I believe that nothing will be left of me or, more precisely, my ego. My body will be ashes; my mind a puff of air. All that I have achieved in this life will have vaporized. It will be as though I have never existed.


Annihilated.


It seems painful, but maybe it isn’t like that.


Have I not always coexisted with this nothingness, even if I cannot clearly picture it? Didn't I always have a feeling of that?


There is always stillness in me, that immovable something that I feel most acutely when I am exhausted or in a state of hopelessness.


Is that stillness the universal consciousness they talk about? It could be, though I have no way to be sure.


Consciousness, being the witness, is necessarily without opinion or judgment. Leaning into the stillness within, am I also beyond judgment?


Consciousness or stillness may go on forever, but, sad to say, it has nothing to do with me.


Am I a mere trespasser in the widespread consciousness? A squatter?


Why am I so ill-prepared for annihilation?
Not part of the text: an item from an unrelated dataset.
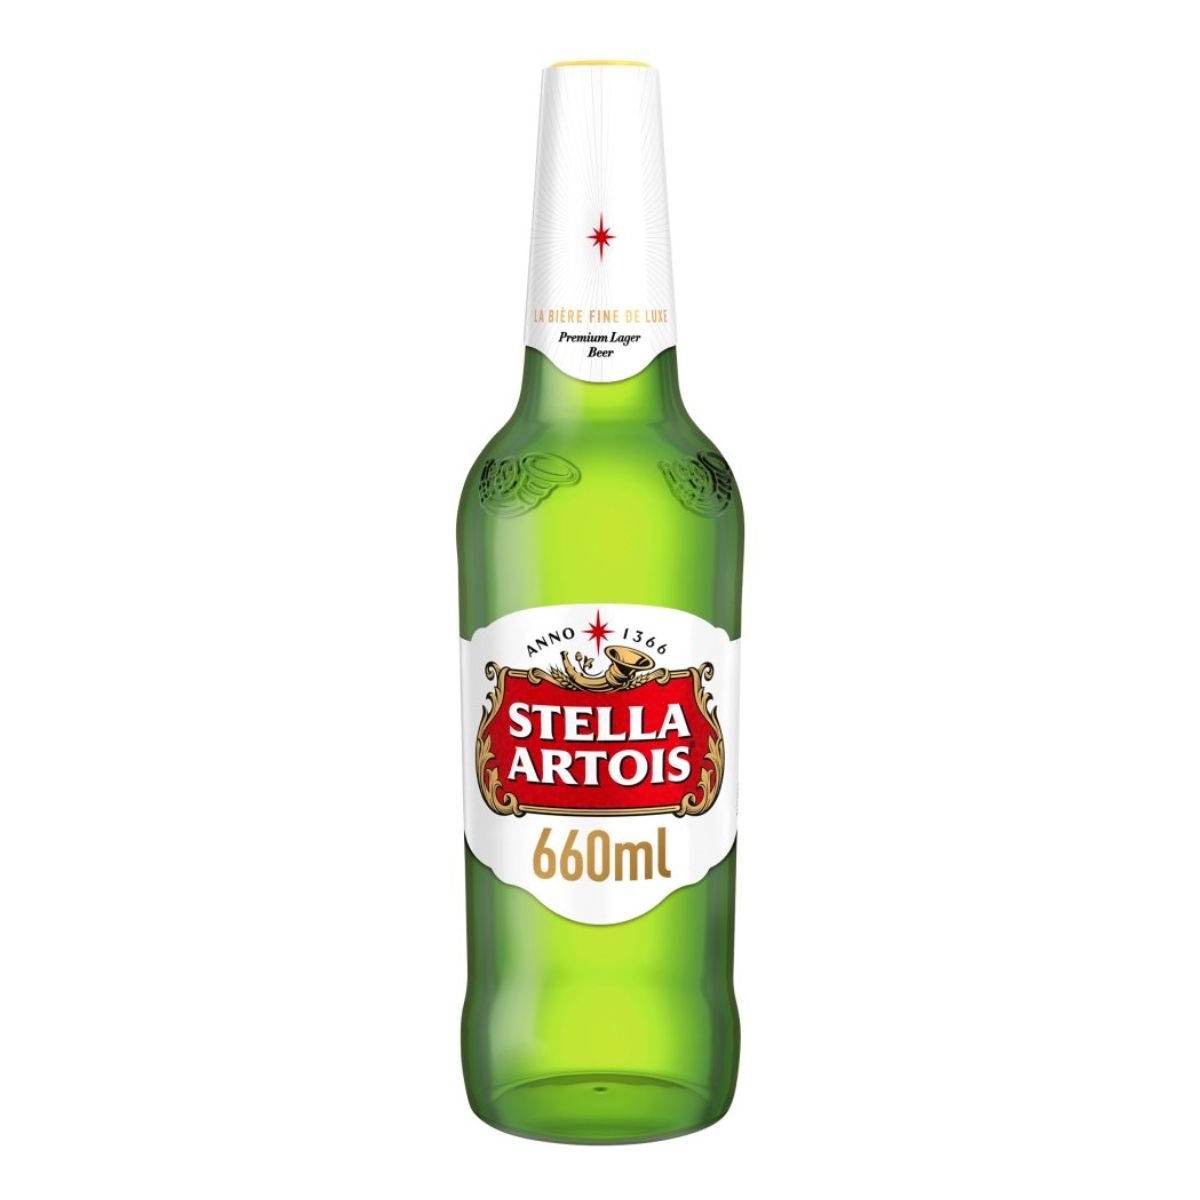 A bottle of Stella Artois - Belgium Premium Lager Beer (4.6% ABV) - 660ml on a white background.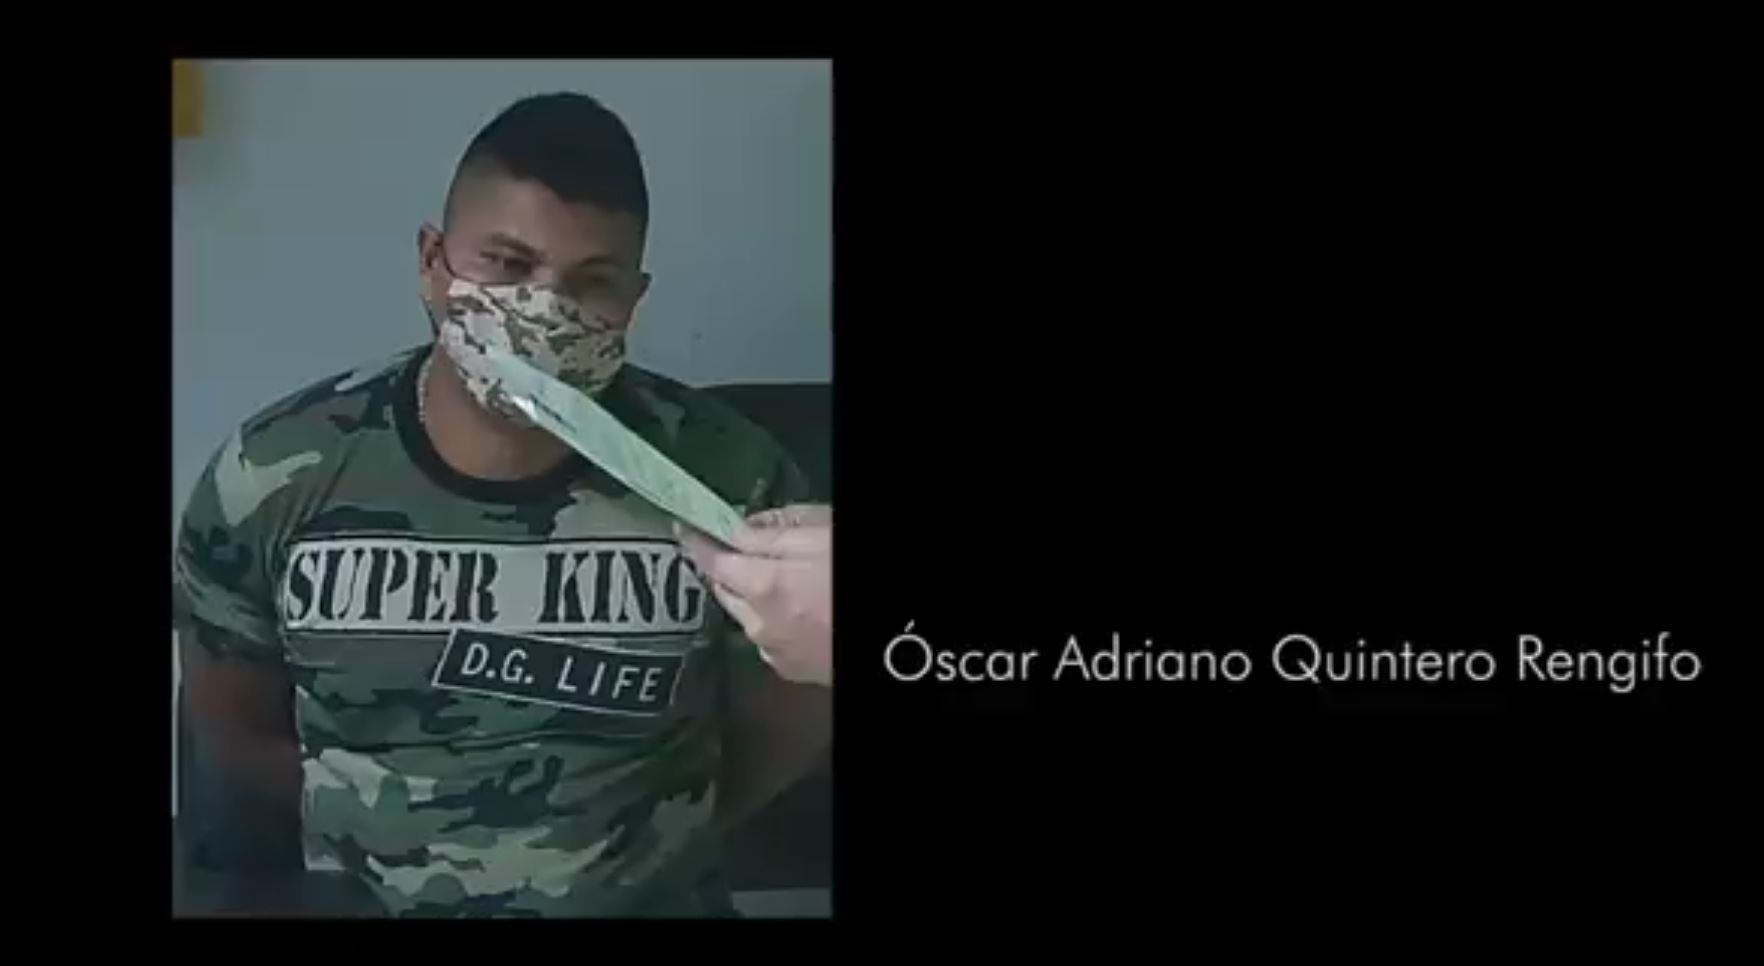 Oscar Adriano Quintero Rengifo,

I have lived so many years, you would think that I would be mentally prepared and not be caught off-guard.


If I am conscious and aware, when can’t I be aware of the nothingness that reigns in death’s own country?


It is plain that life, such as it is, has no lasting meaning despite the constant stream of nonessentials and distractions. Such admonitions as get high, get low, feel life, get rich, embroil in romance, endless earfuls of what you need to do, which you know as well as I do that they are just distractions, are pointless.


Even as a kid, I knew that there would be nothing in the end. So why can’t I just turn around and see nothingness or emptiness, like seeing the familiar face of an old friend?


Writer Carlos Casteneda once said death was our adviser, and it sat on our left shoulder.


But I can’t see death on my shoulder. It seems a lot closer. I may not see it like the face of an old friend, but it is there in me, my constant companion.


It sometimes feels as though the faster the world spins, particularly in an uneasy direction, the calmer I am.


When my son was very young, I was out on a hilltop with him, looking down over a ravine, and I thought to myself how that would be a good place to die.


I am still lacking in understanding.


Last night would have been just as good a time to die as any.


It would have been unceremonious, anti-climatic, and fitting for the end of dreams.


What is death-the-adviser telling me right now, and do I hear?


Very softly, it whispers in my ear: “You are a squatter.”


If I am my ego, then my ego is a squatter.


Here is a series of five related questions:


What comes after the ego?


Is there no death other than ego death?


Will what is left, post-death, illuminate the inexpressible terrain? But who or what will see it?


Will nothingness becomes no longer nothingness following ego death?


Is our ego the source of both blindness and illusion?